As an assistant professor at Pratt Institute’s Graduate and Undergraduate Communication Design Departments, kimi teaches courses in independent publishing, critical theory, writing, research-based and collective practices. Informed by anarchist and abolitionist frameworks, their work as a facilitator and educator aims to deepen our capacities for collective life-sustaining practices. Currently, they are a research faculty fellow with Pratt’s Center for Teaching and Learning.  

kimi was a studio fellow at the Whitney Independent Study Program (’24), earned an MFA in Interdisciplinary Studio from the University of California, Los Angeles (’21), and a BFA in Interdisciplinary Sculpture and concentrated work in Printmaking from the Maryland Institute College of Art (’15). Kimi was born in Tel Aviv–Yafo, raised in Pittsburgh, and calls Baltimore home. They are a queer and neurodivergent diasporan; descendant of sephardi and ashkenazi Andalusian, Palestinian, and European Jews. They live in Brooklyn, NY on unceded Lenape Land.



kimi’s work is archived in the public collections of the Museum of Modern Art, the Brooklyn Museum, the Metropolitan Museum, the Whitney Museum of American Art, The San Francisco Museum of Modern Art, the Library of Congress, Yale University Library, George Peabody Library, John M. Flaxman Library at the School of the Art Institute of Chicago, Art Center College of Design Art Library, Virginia Commonwealth University Special Collections, among others.

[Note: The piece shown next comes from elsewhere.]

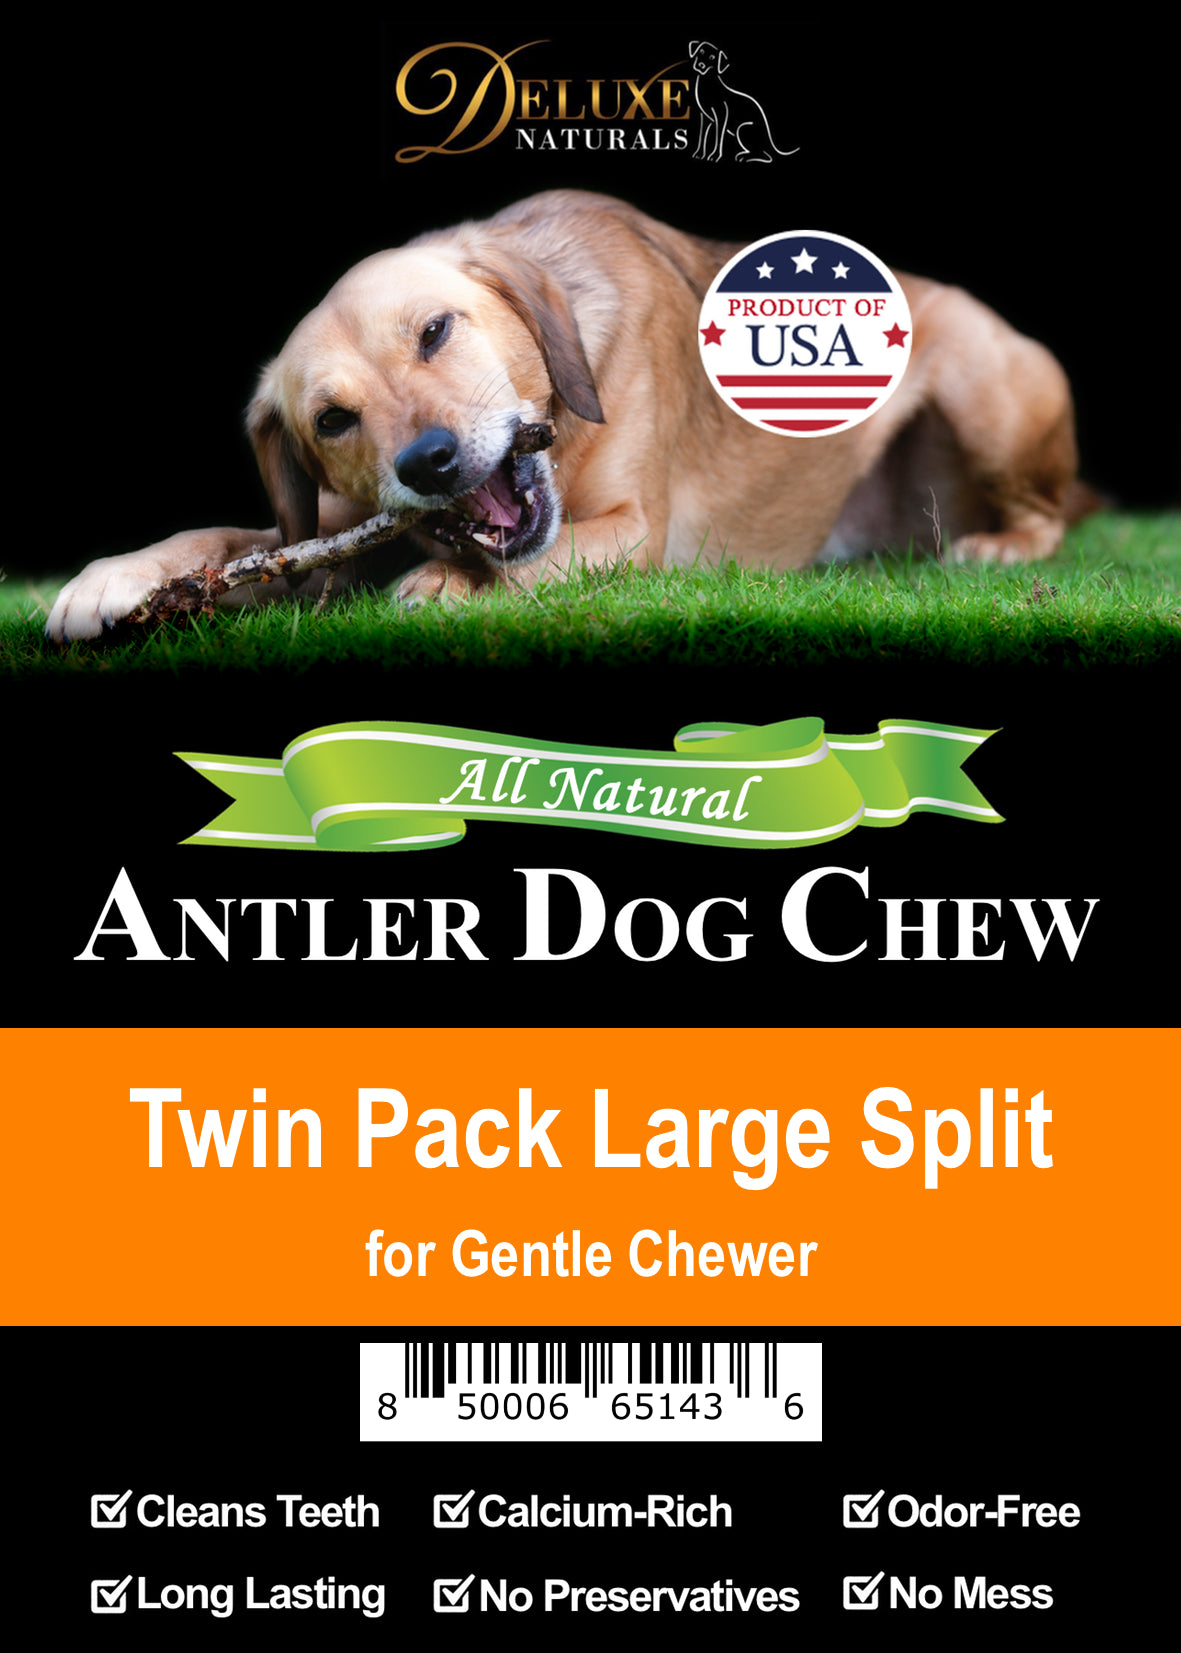 Deluxe Naturals Twin Pack Elk Antler Dog Chew - Large Split

kimi’s work has been exhibited at  Westbeth Gallery (2024), the Mandeville Art Gallery at the University of California, San Diego (2023), Vox Populi (2023), the Sarofim School of Fine Arts Gallery at Southwestern University (2023), Lainer Family Gallery at the University of California, Los Angeles (2022), Southern Exposure (2021), Gas Gallery (2021), Printed Matter (2020), Counterpublic (2019), Tufts University Art Galleries (2019 + 2024), George Peabody Library (2019), ACRE Projects (2018), MoMA PS1 (2018), among others.  

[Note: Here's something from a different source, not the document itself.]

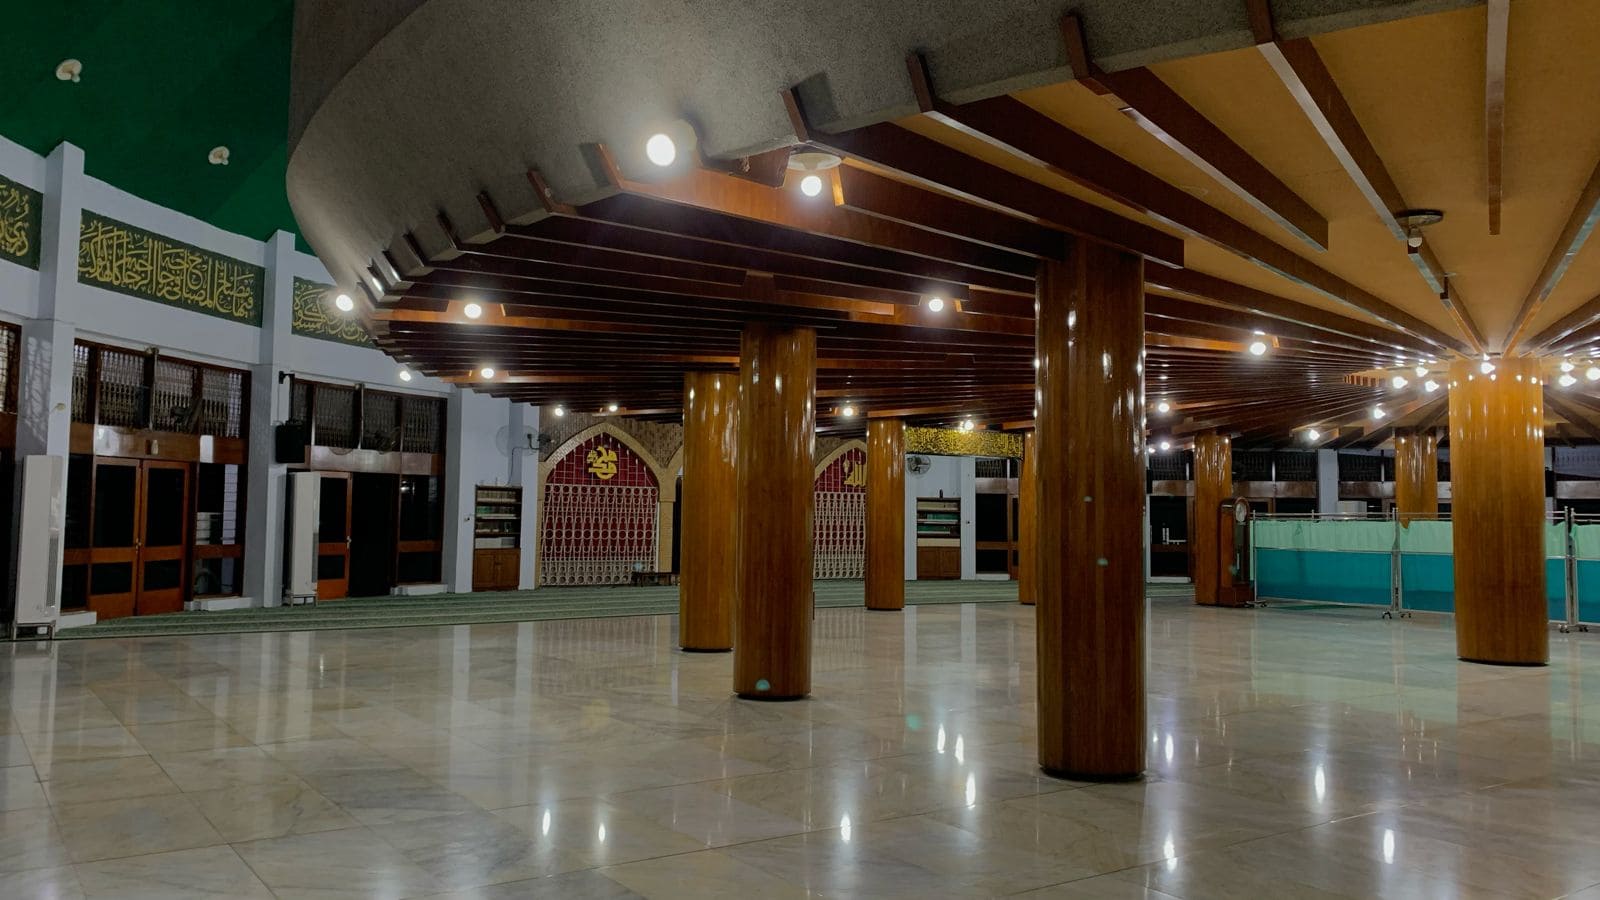 Wisata religi Masjid Jami’ Al Baitul Amien di Jember.

kimi has facilitated public programs at conferences and art institutions including the Allied Media Conference, UCLA Center for the Study of Women’s Thinking Gender Conference, Common Field Convening, Open Engagement, Art & Feminism, Contemporary Artist Books Conference, Printed Matter Art Book Fair, Center for Book Arts, Pioneer Works, Knockdown Center, Virtual Care Lab, X-TRA, Active Cultures, ICA Los Angeles, ICA at Virginia Commonwealth University, Center for Art, Research, and Alliances (CARA), the Geffen Contemporary at MOCA, among others. kimi has lectured widely at universities including at University of California Berkeley, Yale University, California College for the Arts, Rhode Island School of Design, American University, Ithaca College, School of the Art Institute of Chicago, Antioch University, Tufts University, Maryland Institute College of Art and was formerly an Assistant Professor at Virginia Commonwealth University.

They have been published by the Women’s Studio Workshop, GenderFail, Wendy’s Subway, Temporary Art Review, Arts of the Working Class, BmoreArt, MARCH, Thick Press, Institute for Expanded Research, and the Contemporary (Baltimore).

kimi is the recipient of grants and awards including the Artist Choice Award from Ruth Arts for Press Press (2024), the Lightening Fund Grant by the Andy Warhol Foundation and Los Angeles Contemporary Exhibitions (LACE) (2023), Virginia Commonwealth University Research Grant (2023), Louis Vidal Foundation (2021), the Robert W. Deutsch Foundation (2018), the Ruby’s Artist Grants (2017), the Grit Fund by the Andy Warhol Foundation and the Contemporary Museum (2016), the Fred Lazarus Social Change Award (2015), among others.